Hüküm tarihine kadar yapılan yargılama gideri toplamı, 5271 sayılı CMK"nın 324/4. maddesine atıfta bulunan 6183 sayılı Amme Alacaklarının Tahsil Usulü hakkında Kanun"un 106. maddesindeki terkin edilmesi gereken tutar olan 20,00 TL"den az olduğu halde yargılama giderinin sanıklardan tahsiline karar verilmiş ise de, hüküm kesinleşinceye kadar yapılacak yargılama giderlerinin de toplam yargılama gideri kapsamında olması nedeniyle hükmün kesinleştiği tarihte sanıklardan tahsili gereken yargılama giderinin yukarıda açıklanan terkin miktarından az olması halinde Devlet hazinesi üzerinde bırakılmasının infaz aşamasında değerlendirilmesi mümkün görülmüştür.

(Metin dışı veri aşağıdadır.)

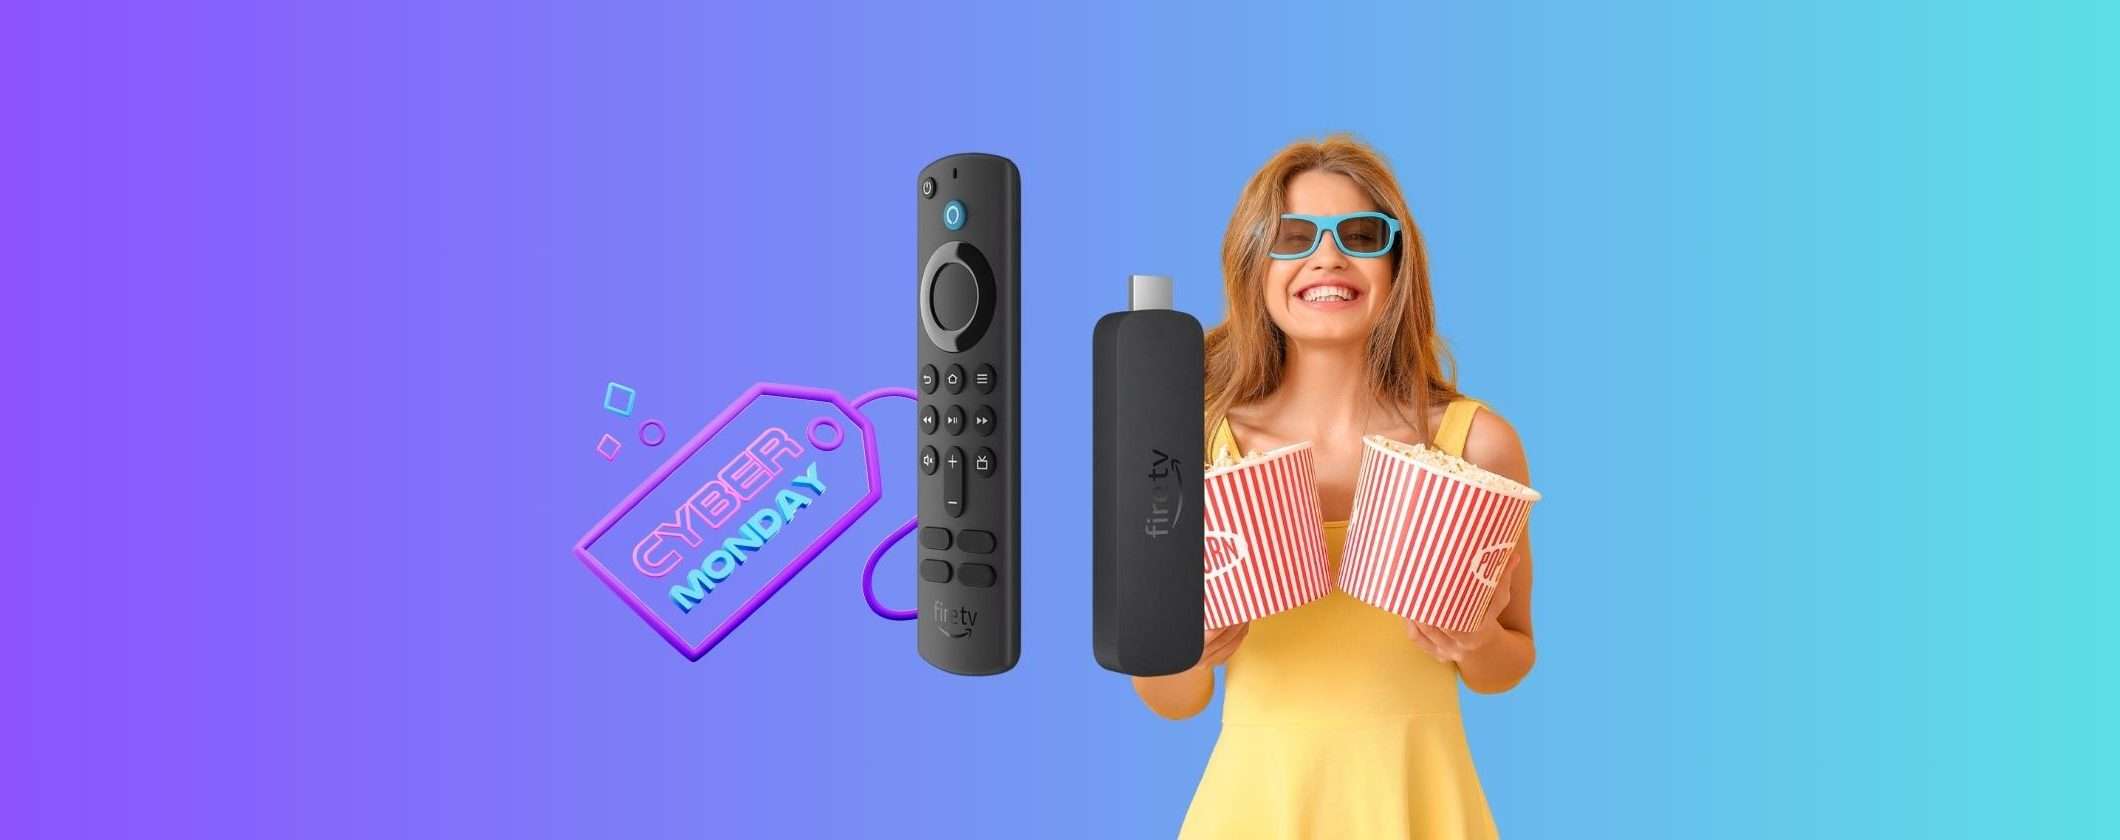 Fire TV Stick 4K a metà prezzo con il Cyber Monday di Amazon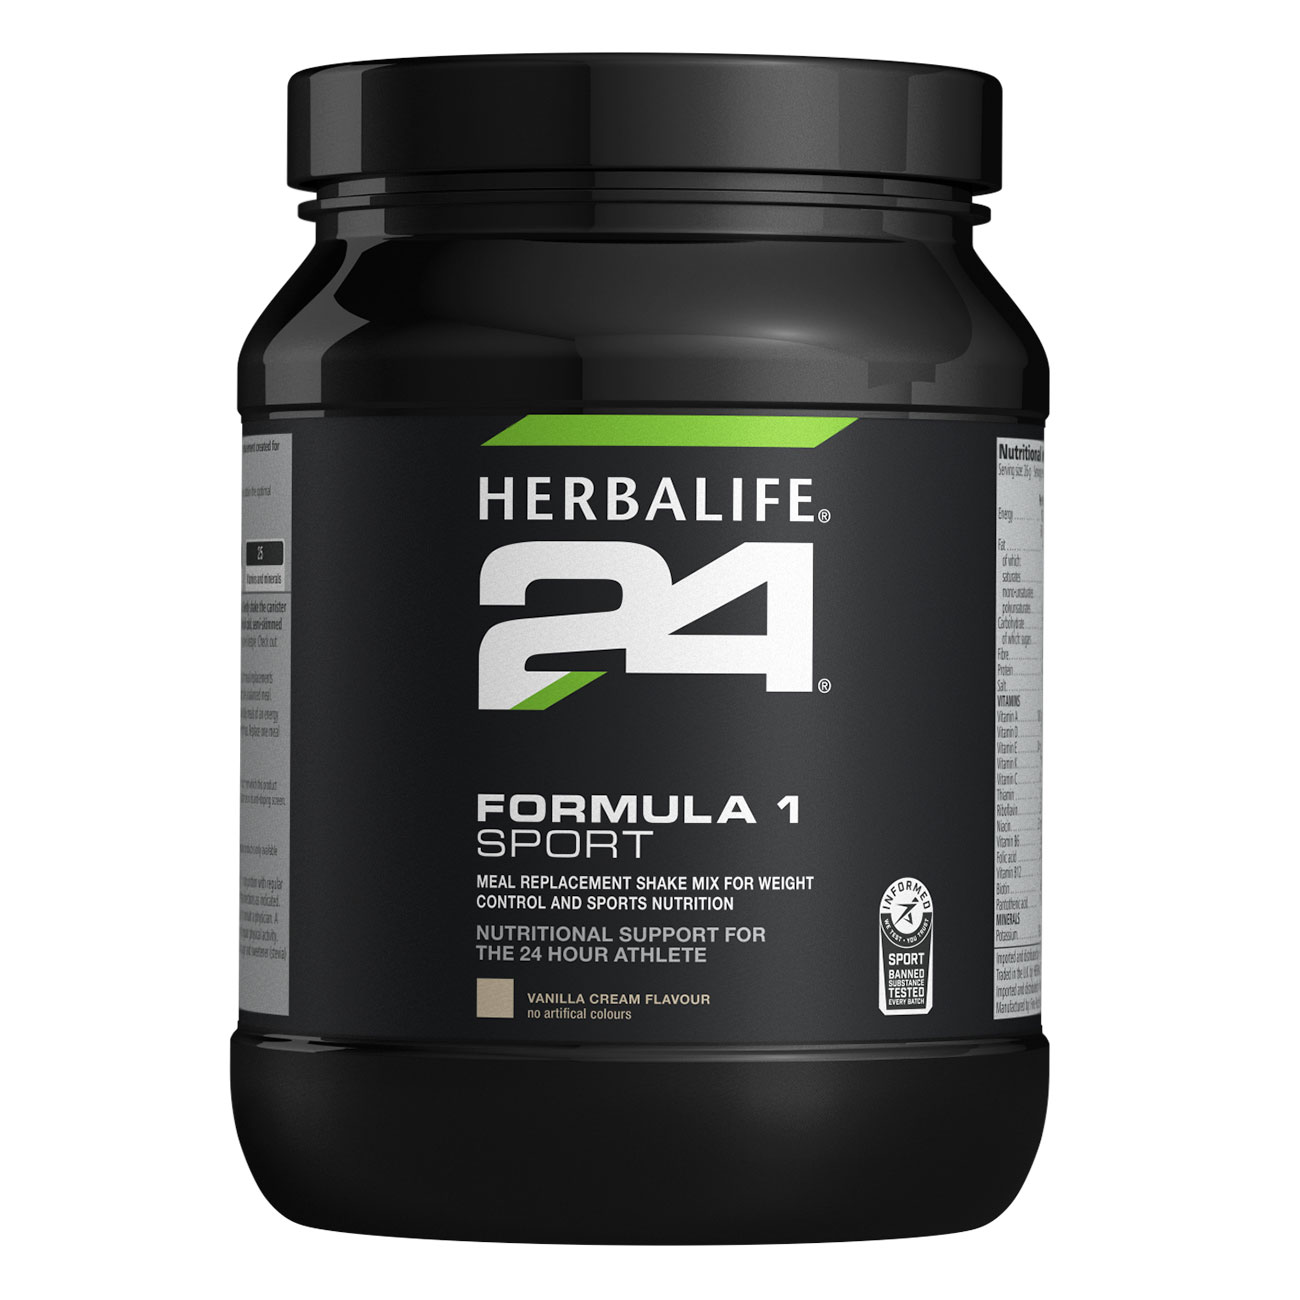 Herbalife24® Formula 1 Sport Protein Shake Vanilla Cream product shot

Dosya ve duruşma tutanakları içeriğine, toplanıp karar yerinde incelenerek tartışılan elverişli kanıtlara, gerekçeye ve Hakimin takdirine göre, sanıklar ... ve ...’in temyiz nedenleri yerinde görülmemiş olduğundan reddiyle, eleştiri dışında usul ve kanuna uygun bulunan hükümlerin tebliğnameye uygun olarak ONANMASINA, 28.12.2017 tarihinde oybirliğiyle karar verildi.